That’s easier said than done, of course. Because I always want to hope I’m that “oh my god, I love you” author and you can’t tell if you are until you get sales. And money is nice. I tend to run profitable promos, so each promo, even the ill-advised ones, means income.

Another mistake I make with promo (which I made today which is what prompted this post) is that I promote books to an audience I’m not going to be able to satisfy long-term. I have a book in the top 50 in the free store today because of a promo. But it’s a title I have no intention of following up on and all of the other titles under that name aren’t going to appeal to those readers.

If they want more of that they’re not going to get it from me.

So why did I do it? Why waste that time and energy? Why catch and release?

Money. Probably. It’s a KU title so a free run can often pay for itself with page reads. And I think I can use AMS to sustain the momentum the free run will give it. But there’s nowhere for those readers to go. Not with me. They’ll read it and move on and that’ll be it.

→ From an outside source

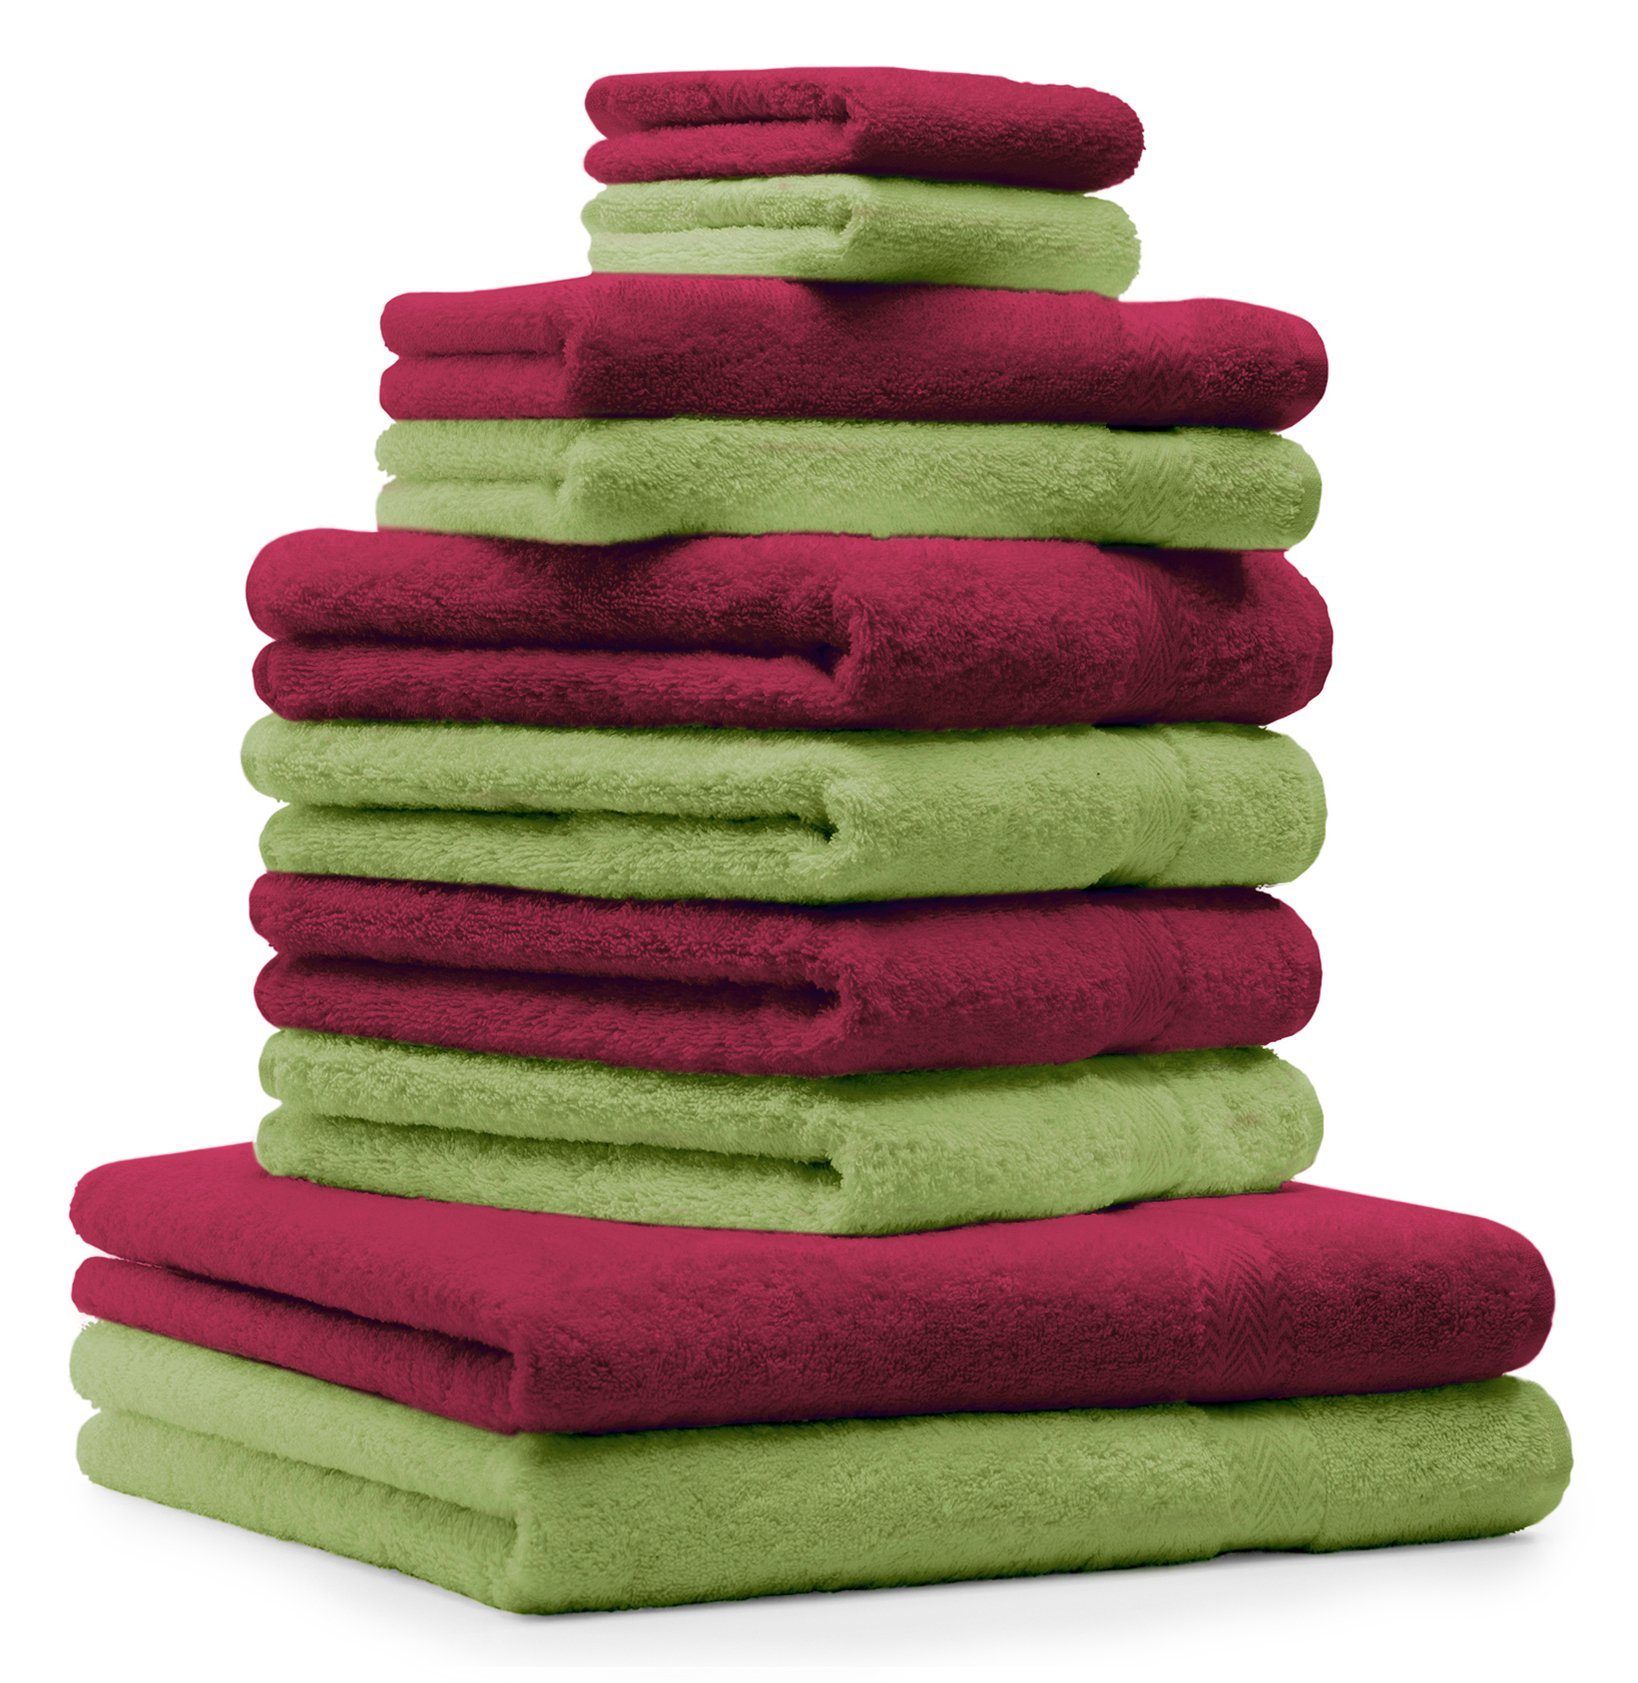 Betz Handtuch Set 10-TLG. Handtuch-Set Classic 100% Baumwolle dunkelrot und apfelgrün, 100% Baumwolle

And if they do love it? If I do get, “oh my god, write more” emails? That’s gonna be a problem. Because I have no intention of writing more of that right now. Or ever.

Which means that promo, even if profitable, was a mistake. To pursue fans you can’t satisfy. To promo for short-term gain when it does nothing for long-term stability. Wasted effort.

(And, really, writing that title was all part of the same sort of mistake. It felt good to see those sales when I originally released it, but there was no long-term strategy involved. I was just throwing things at the wall to see what would stick.)

Ideally, everything you do as a writer works together. You write titles that feed into one another. Same world, same genre, same whatever it is so that readers who find you want everything you’ve written. (This is much more the case with fiction than non-fiction, by the way. At least the type of non-fiction I write.)

So you write works that lead to one another. And then you promo those titles to build your author brand so that the release-promo-release-promo cycle all moves together and with each promo and each release you see a bigger impact than the one before until it becomes like a rock rolling downhill and all you have to do is release, release, release with just enough promo to let people know something new is out.

That should be the goal. That’s how you do good promo.

(But you know me. I’ll keep up with this poor promo approach, because I’m strange that way. Don’t be me, kids.)